The comment that caused the fuss:
I have no doubt that ... a trend of global warming exists. I am not sure that it is fair to say that it is a problem we must wrestle with. To assume that it is a problem is to assume that the state of Earth's climate today is the optimal climate, the best climate that we could have or ever have had and that we need to take steps to make sure that it doesn't change. First of all, I don't think it's within the power of human beings to assure that the climate does not change, as millions of years of history have shown. And second of all, I guess I would ask which human beings -- where and when -- are to be accorded the privilege of deciding that this particular climate that we have right here today, right now is the best climate for all other human beings. I think that's a rather arrogant position for people to take.This comment begs for analysis, and there's a fine one here, at Adventures in Science and Ethics.
NPR ran its own commentary later in the day, an interview with Penn State geosciences professor Richard Alley.
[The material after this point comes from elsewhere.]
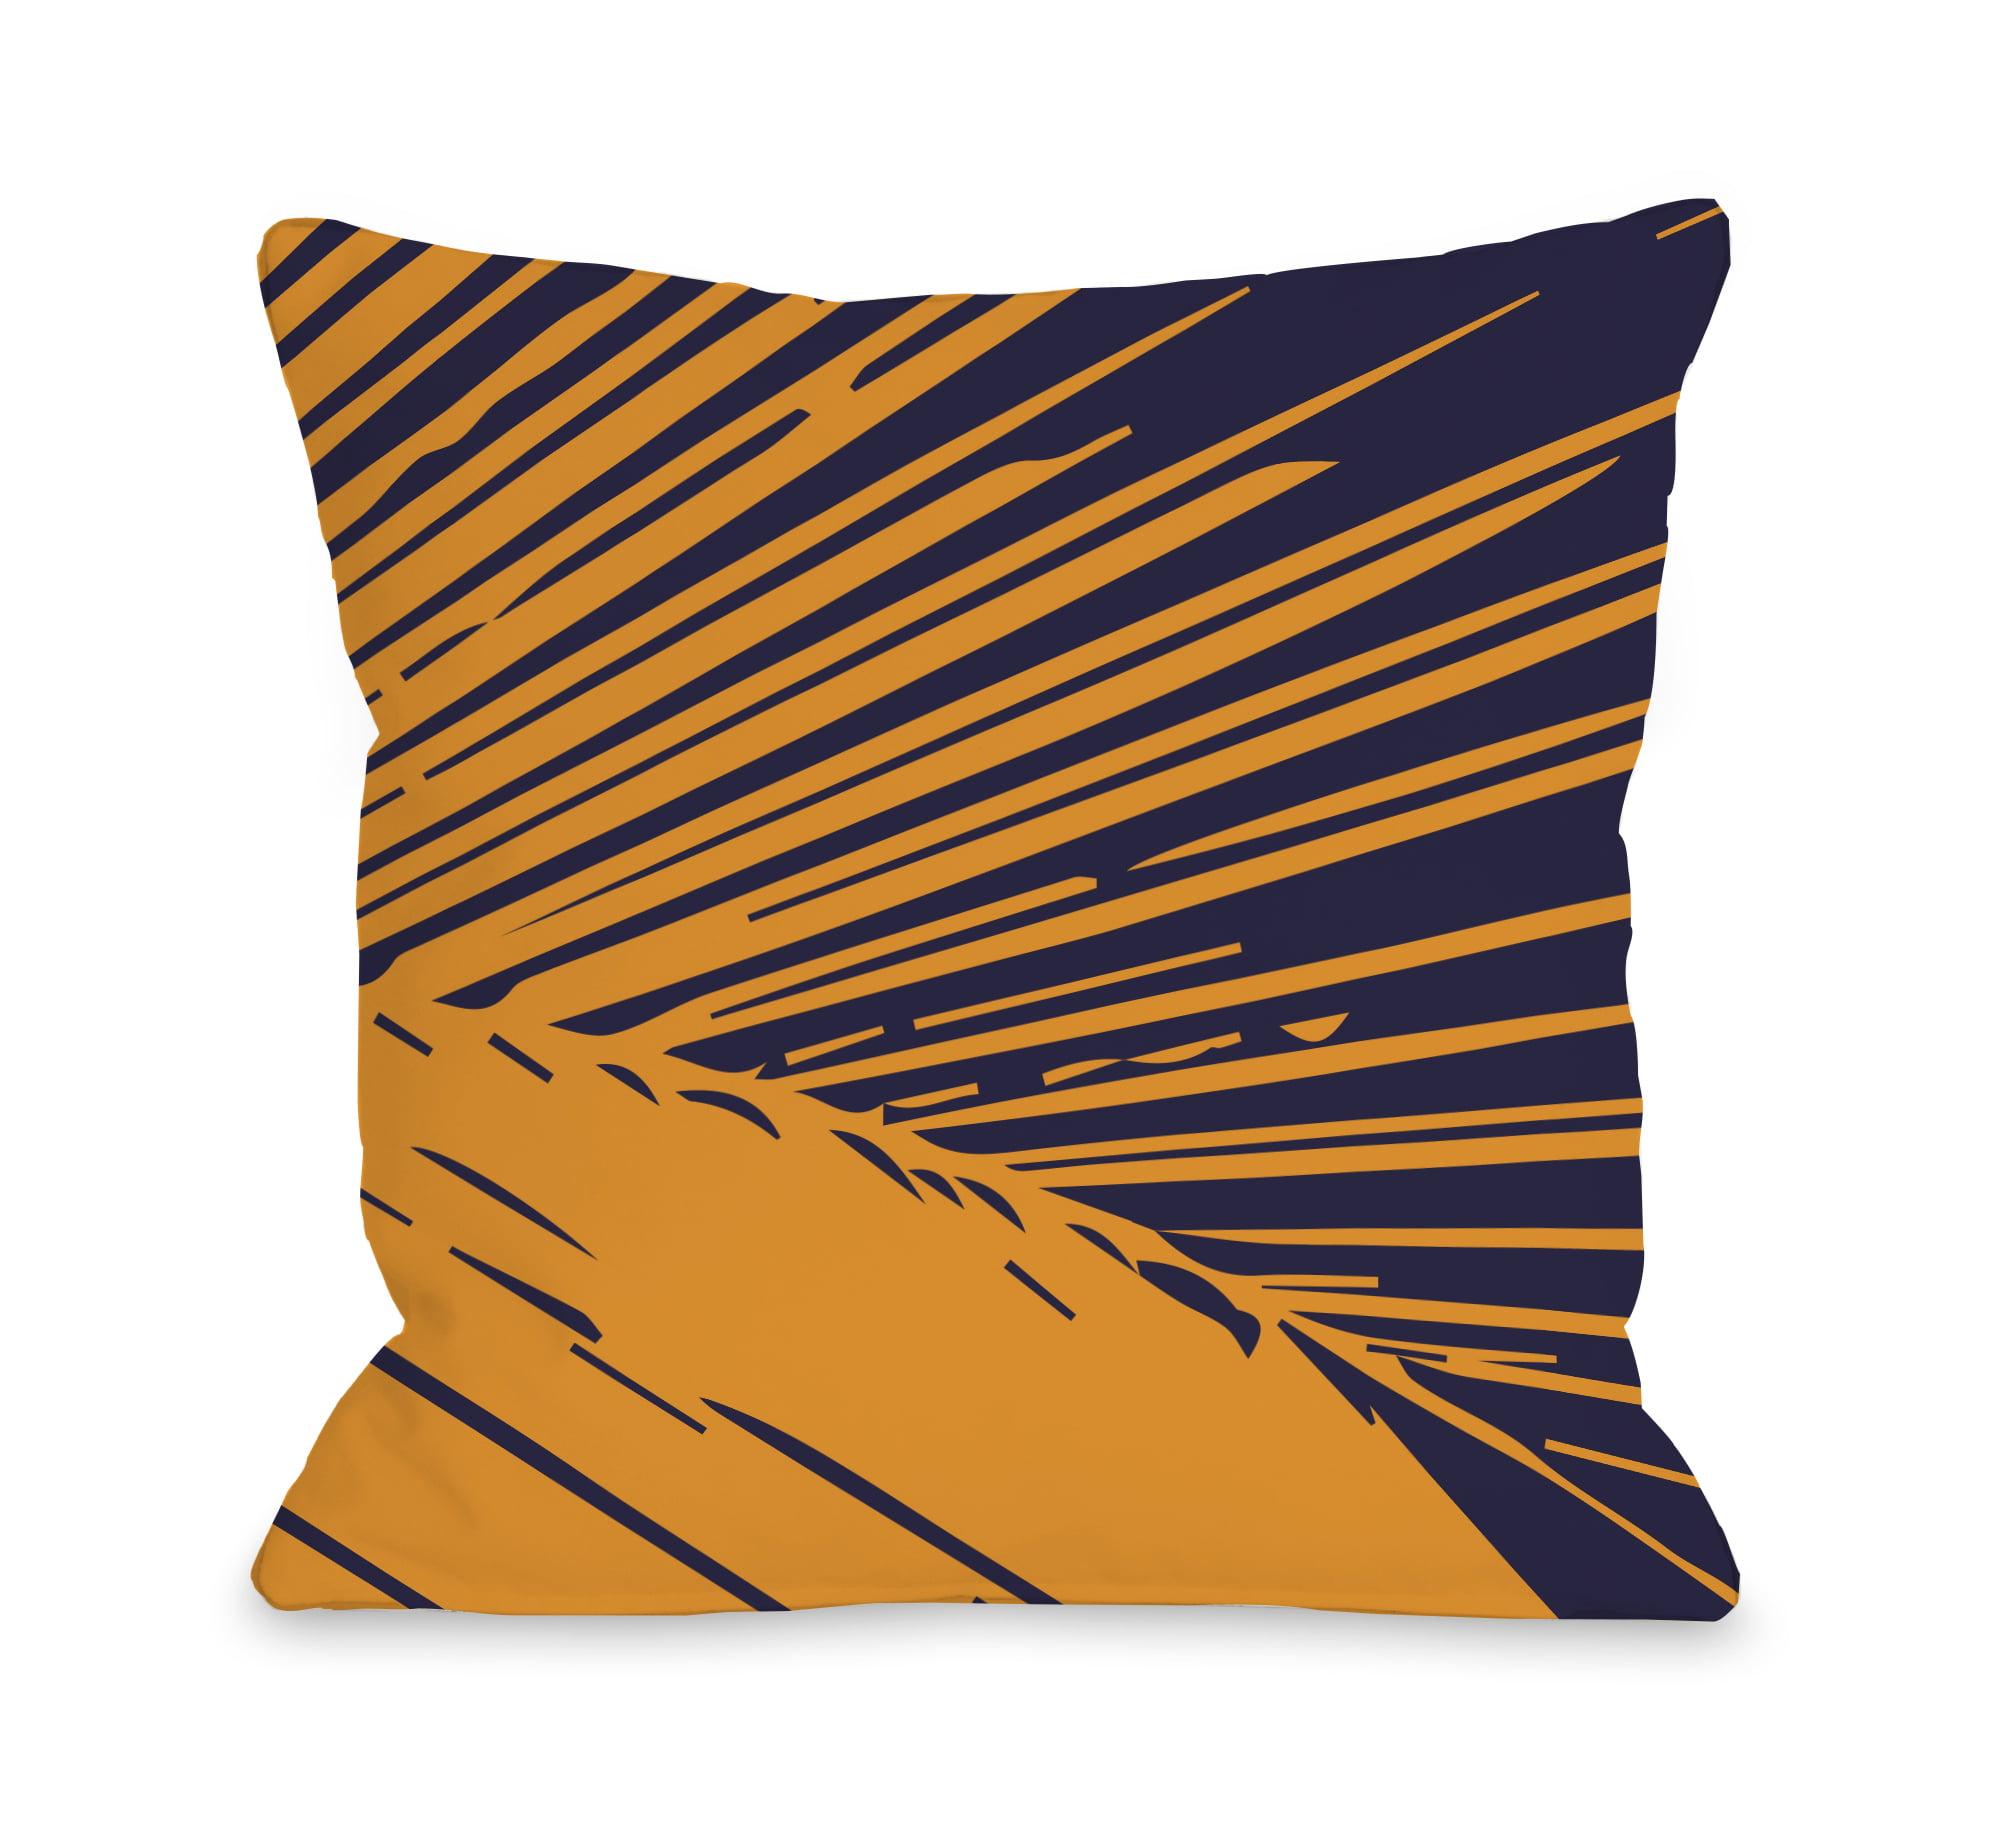 Alaiya Palm Leave - Navy Orange 18x18 Pillow by OBC

First, he addressed Griffin's claim that we cannot evaluate whether the current climate is the optimal one. Rather than drop his jaw in disbelief at the question of optimality (as many commentators did), Alley notes that biological sciences do have reasons for saying that some states of affairs are better (for us, and for other living creatures) than others. This is because we can assume that living creatures have, to some degree, adapted to the current conditions. Of course, adaptation is continuous (e.g., there is still on-going postglacial migration of tree species in North America), but humans are more likely to be able to cope with climate conditions in which they already thrive than with alternatives.
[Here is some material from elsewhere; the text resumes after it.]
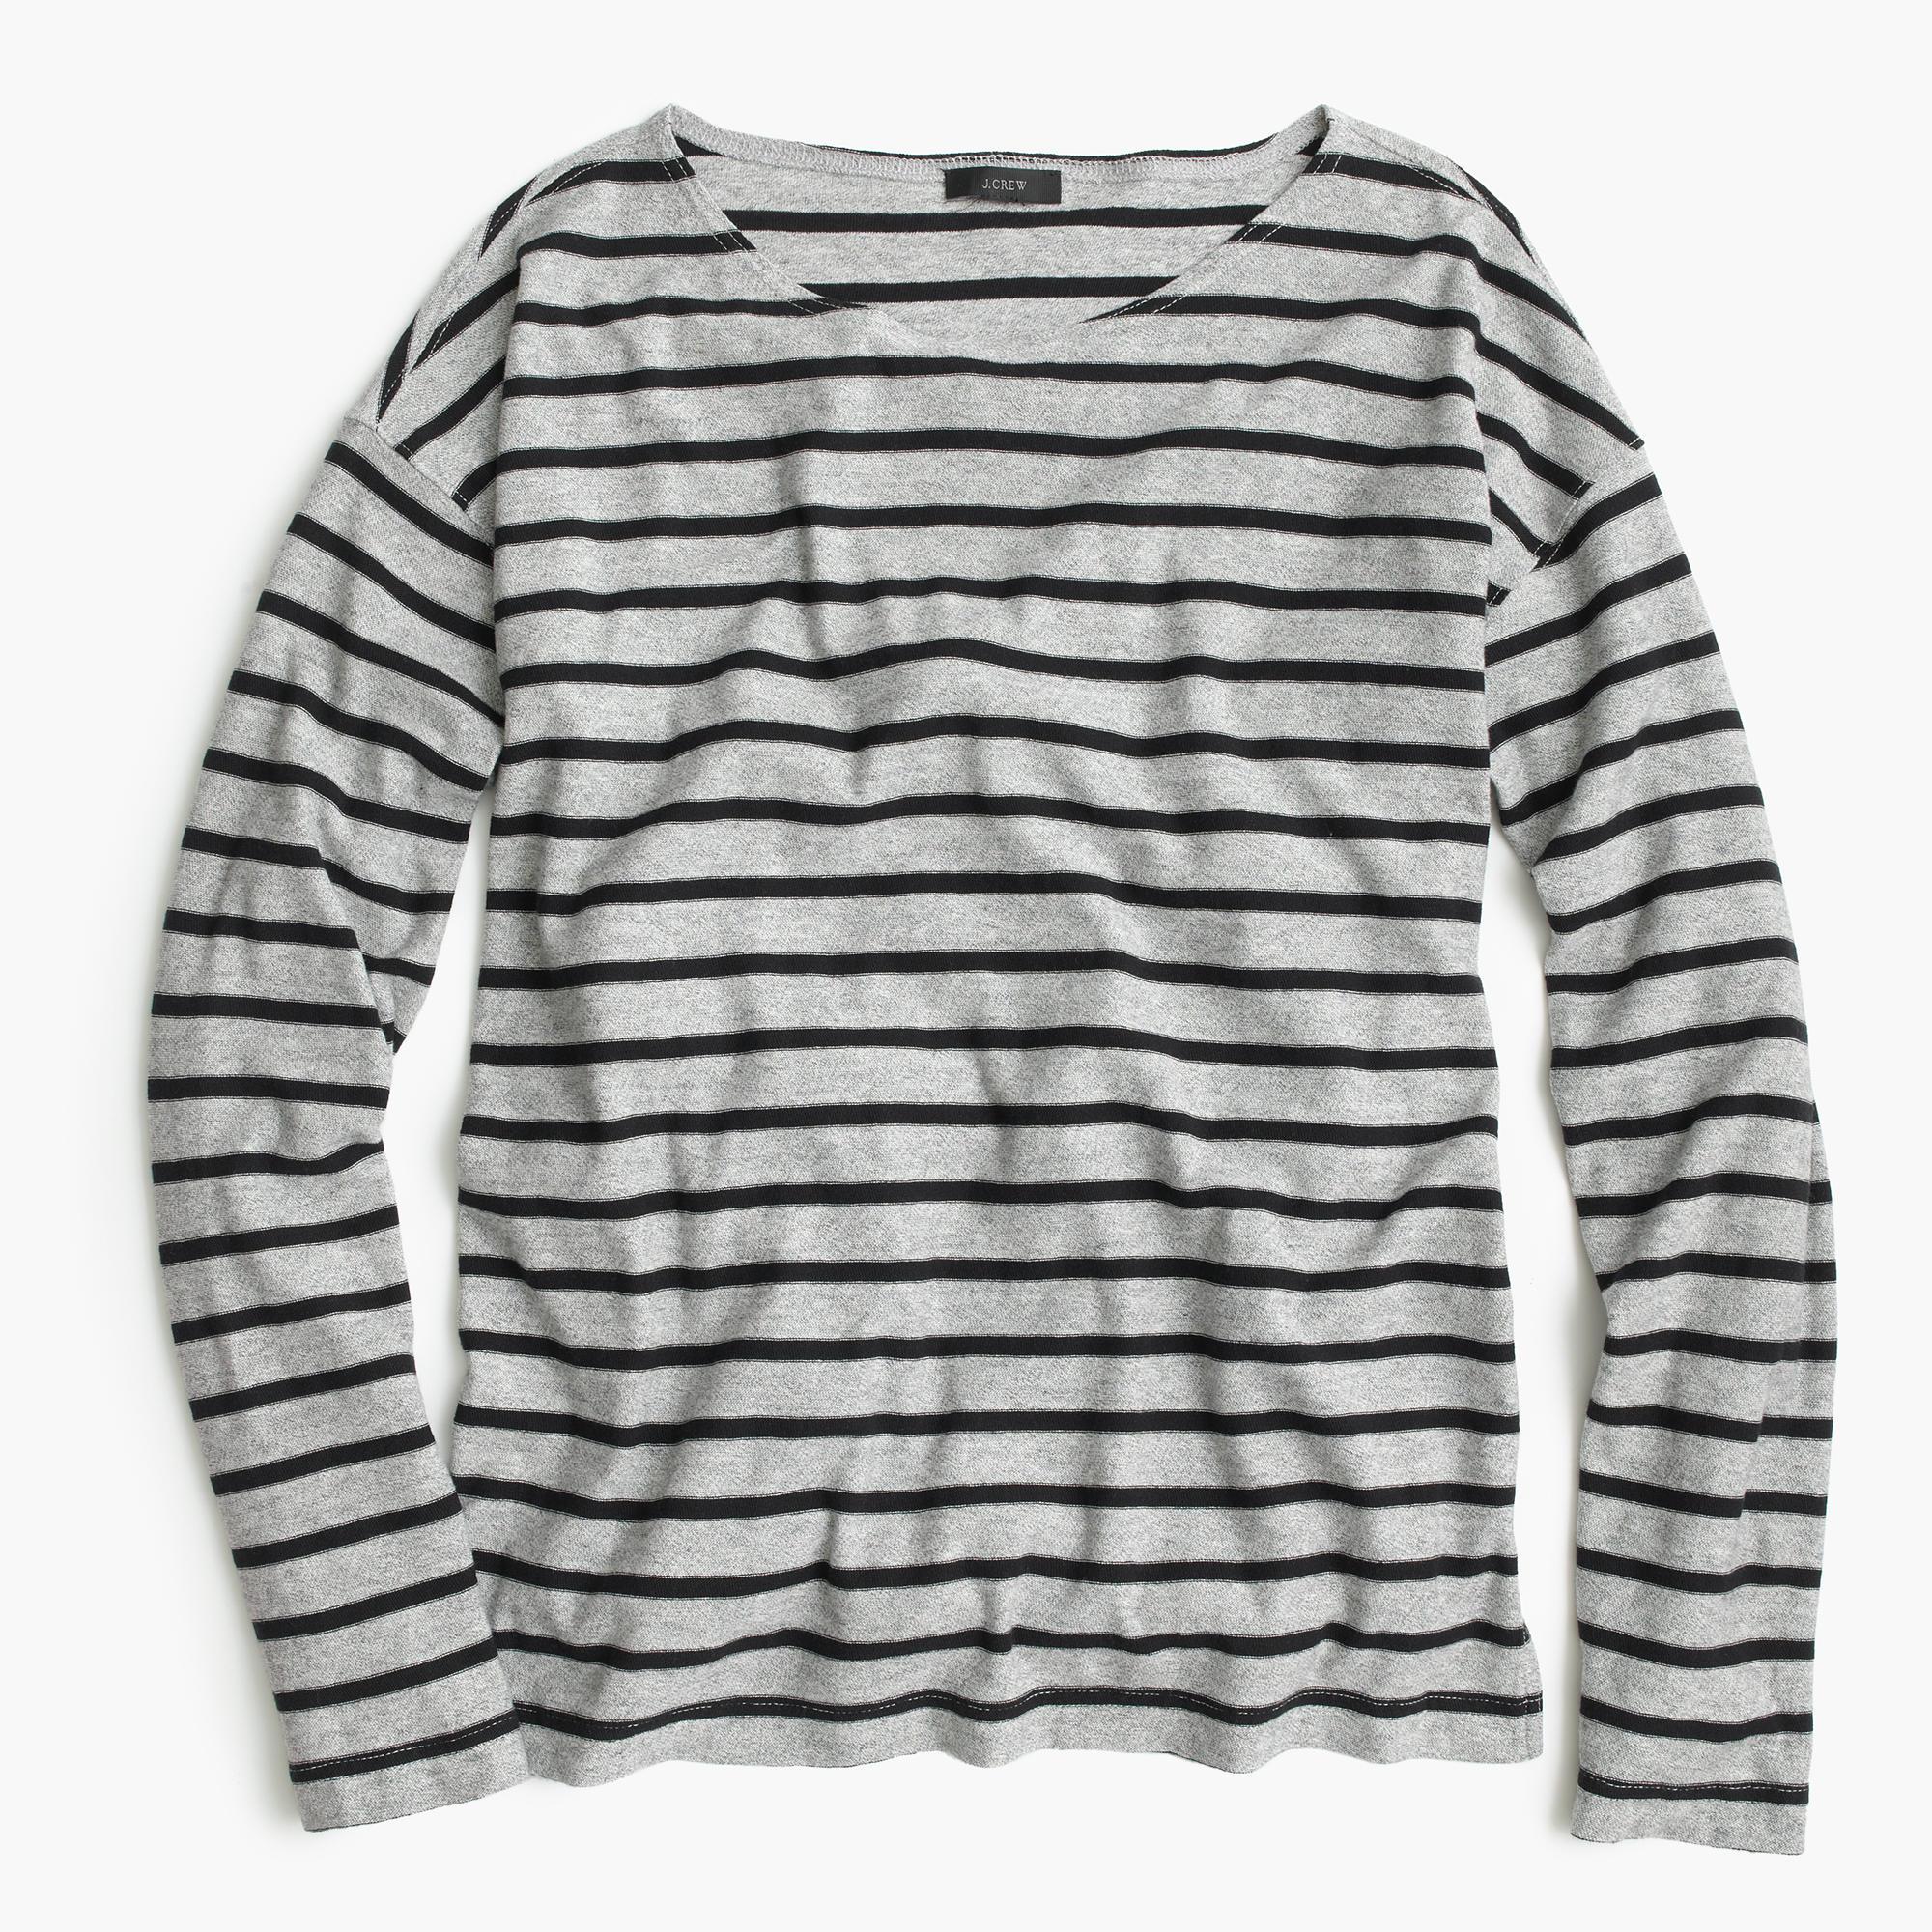 Deck striped t shirt in gray lyst Grey striped t shirt

Second, interviewer Michele Norris asked Alley "Are we tiptoeing into the realm of philosophy?" by considering how to respond to climate change. Alley says
If we aren't, I think we should be. The energy system, the climate in which we live...are such big questions that it would be the height of arrogance to leave them to no one but the scientists and the engineers. I certainly hope that the philosophers and theologians are thinking about these too.Thus, there is a point of agreement between Michael Griffin and his critics. The point is made over and over again in this debate that there are scientists (they are the ones that measure things) and then there are people who are qualified to make assessments of what the science means and what should be done. They are variously called policy-makers, philosophers, or the public, and they are not always educated in the relevant sciences. To be fair, Alley says only that it should not be only scientists who think about what should be done, while Griffin's position is much stronger. A few days after the NPR interview, the AP reported that
Griffin reiterated that NASA’s job was to provide scientific data on global warming and leave it up to policy makers to decide what to do with it.There is some irony in this, and especially in Alley's appeal to philosophers to get on the job of evaluating the moral response to climate change. Namely, philosophers, by and large, do not do that kind of work. Consider a recent table of contents from The Philosophical Quarterly, "one of the most highly regarded and established academic journals in philosophy... [which publishes] high-quality articles from leading international scholars across the range of philosophical study." It is all fine work, but mostly in metaphysics, and not relevant to applied policy decisions.
What many people believe philosophers do and what philosophers actually do are two different things.
However, in the third part of Alley's commentary he goes on to do himself just exactly what he thinks philosophers are best equipped for--to give a sensitive overview of the ethical implications of climate change. He argues that Griffin is correct that some people will no doubt benefit from climate change (Alley omits mentioning the insurance business as most likely to profit) and others will be harmed. And there is ethical weight to identifying who these parties are. He says that places that have winter, places that have air conditioners, and places that have bulldozers at their disposal for shoring up sea-walls will all be harmed less than poor nations and people who live at the equator and near the poles.
It is a fiction that only professional philosophers are equipped to make such judgments, and it would be harmful to wait until the philosophical community came to recognize the importance of focusing on such issues. Scientists themselves can and do make value judgments.